City crime rate sees double-digit jump so far in 2024 

Deputies with the Santa Clarita Valley Sheriff's Station are investigating a reported shooting that occurred in Canyon Country on Wednesday evening. Oscar Sol/For The Signal.

While most categories of violent crimes are down in the Santa Clarita Valley, property crimes are way up, which led to a significant statistical spike in Part-I crimes for an area that includes a city regularly considered one of the nation’s safest. 

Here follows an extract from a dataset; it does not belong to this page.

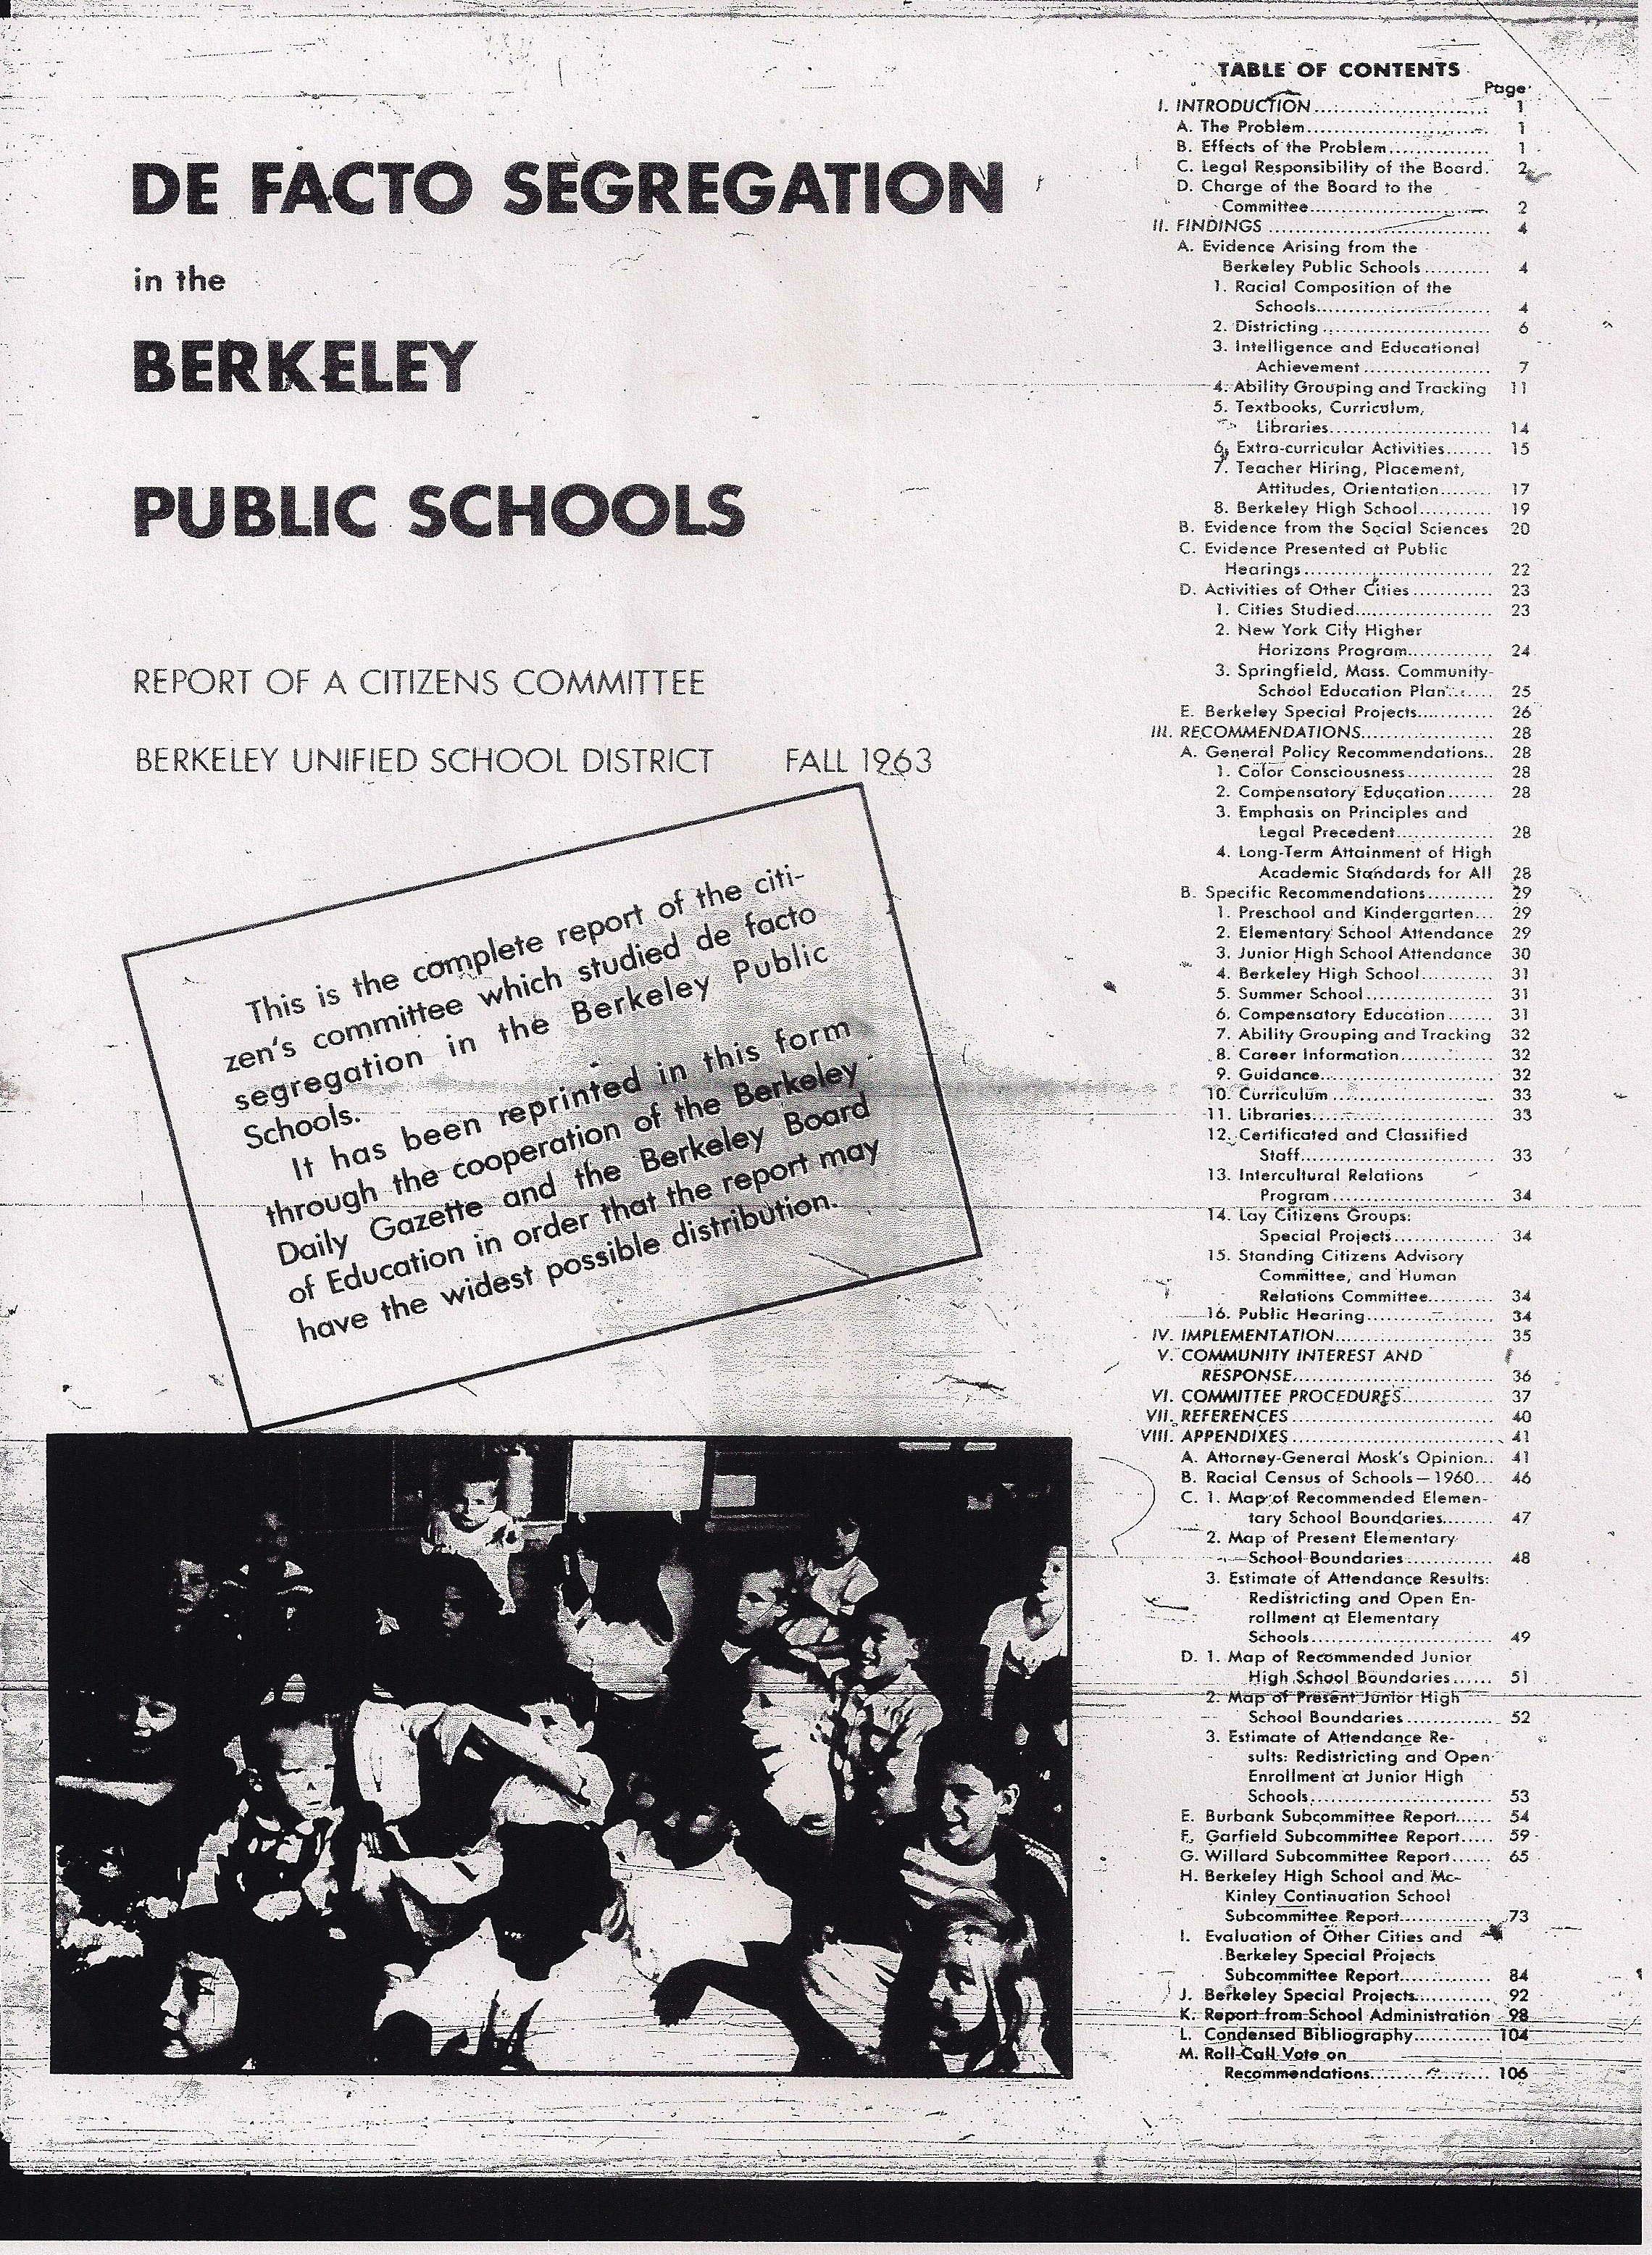 """De Facto Segregation Study Committee"" for the Berkeley Unified School District (November 1963)"

Crime has continued on an upward trend since the pandemic, when the shutdown helped drive crime down to its lowest rate in modern history — largely because everything was closed, SCV Sheriff’s Station Capt. Justin Diez said at a recent community event. 

Part-I crimes — incidents ranging in severity from burglaries to murder and a wide range in between — are up nearly 22% in the city for the first four months of 2024 compared to the same time last year. In the county, that figure is nearly 36%.  

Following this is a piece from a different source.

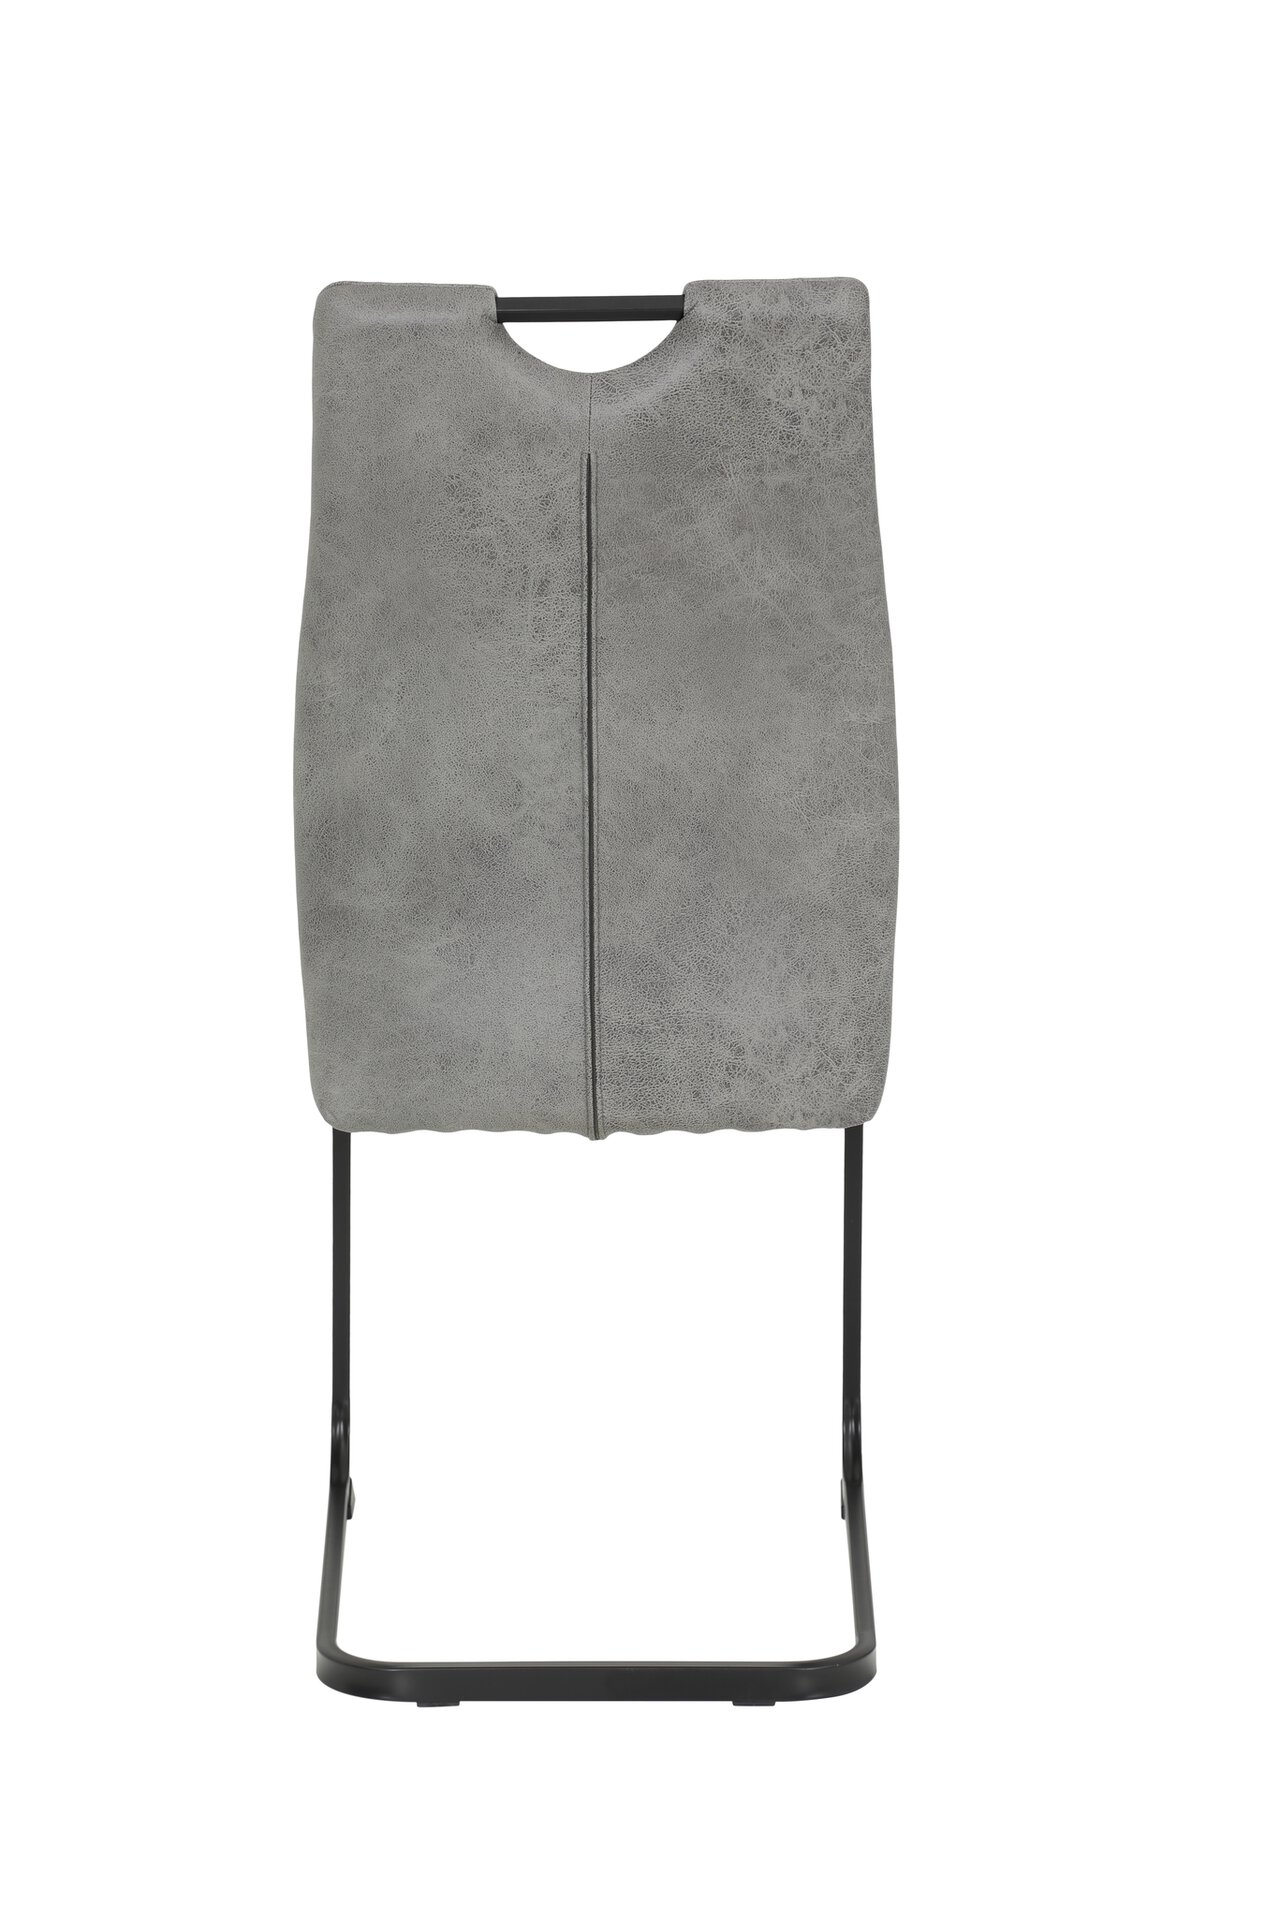 Freischwinger Adelina S SELF Textil 98 x 61 x 44 cm

There were 1,419 Part-I crimes used by the FBI to calculate an area’s per capita crime rate, reported in the first four months of 2024. Of those, 1,281 or 90.3%, were property crimes.  

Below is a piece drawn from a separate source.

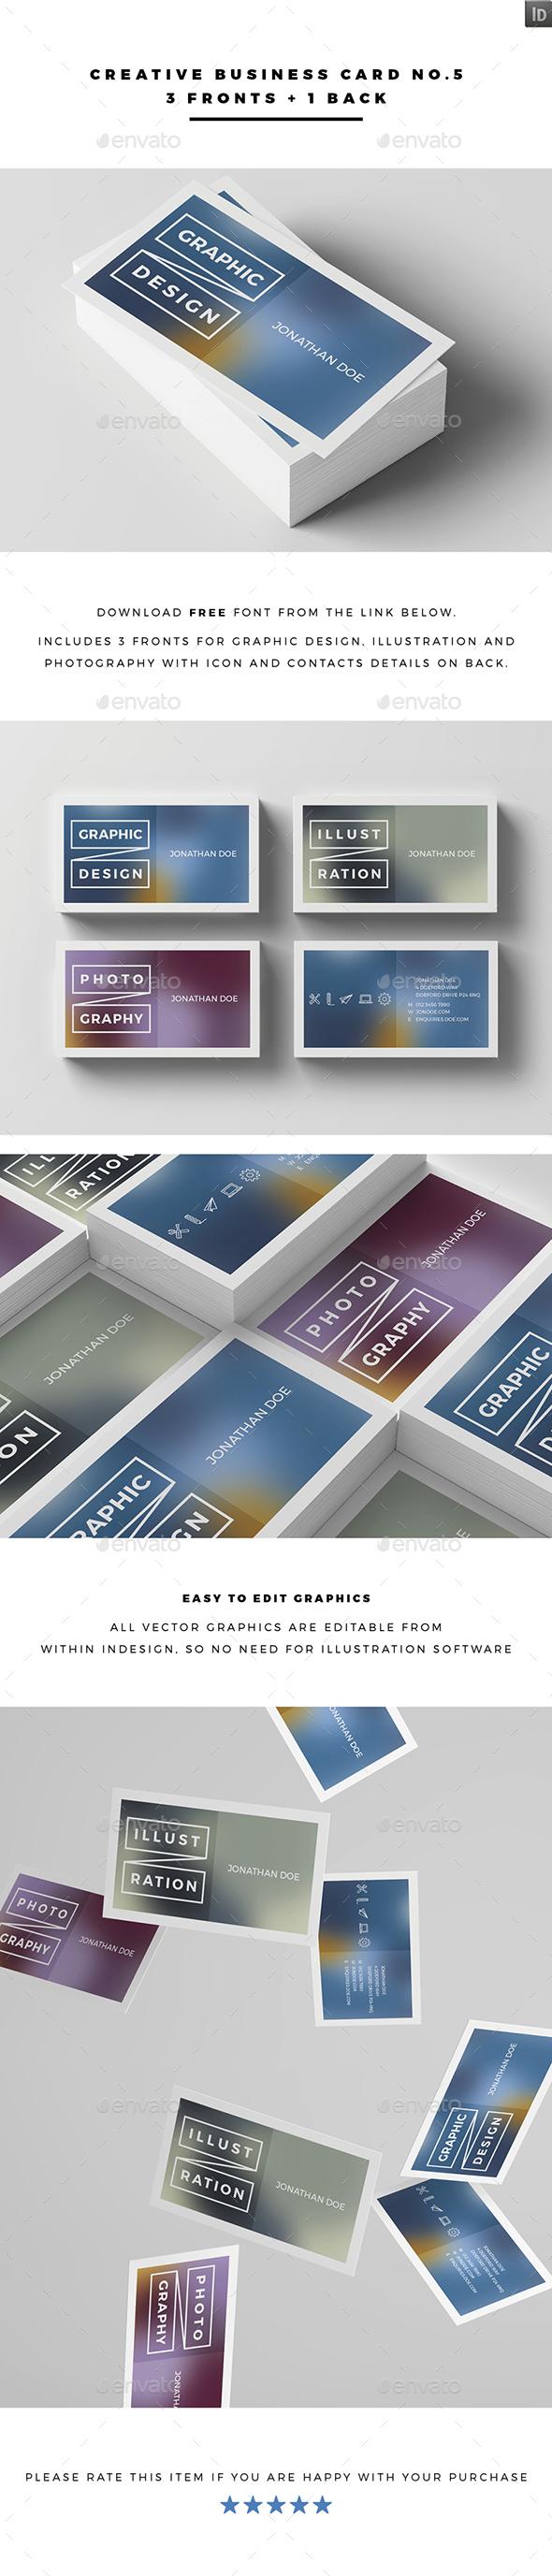 Creative Business Card No.5 - Creative Business Cards

The lion’s share of those, just over 850 incidents, were larceny theft, which is the unlawful taking of property from a business or of another person’s property. 

“The retail theft has really become the name of the game,” Diez said in a phone interview Thursday.  

The numbers represent a troubling multiyear trend, but Diez cited several factors that come into play, starting with the baseline year of 2020 representing a historic low.  

The station reported a total of 3,163 Part-I crimes in 2021, according to LASD data available on the department’s Transparency Promise website, which represented about 140 more incidents than the previous year, Diez said. In 2022, the number increased by more than 400, to 3,595.  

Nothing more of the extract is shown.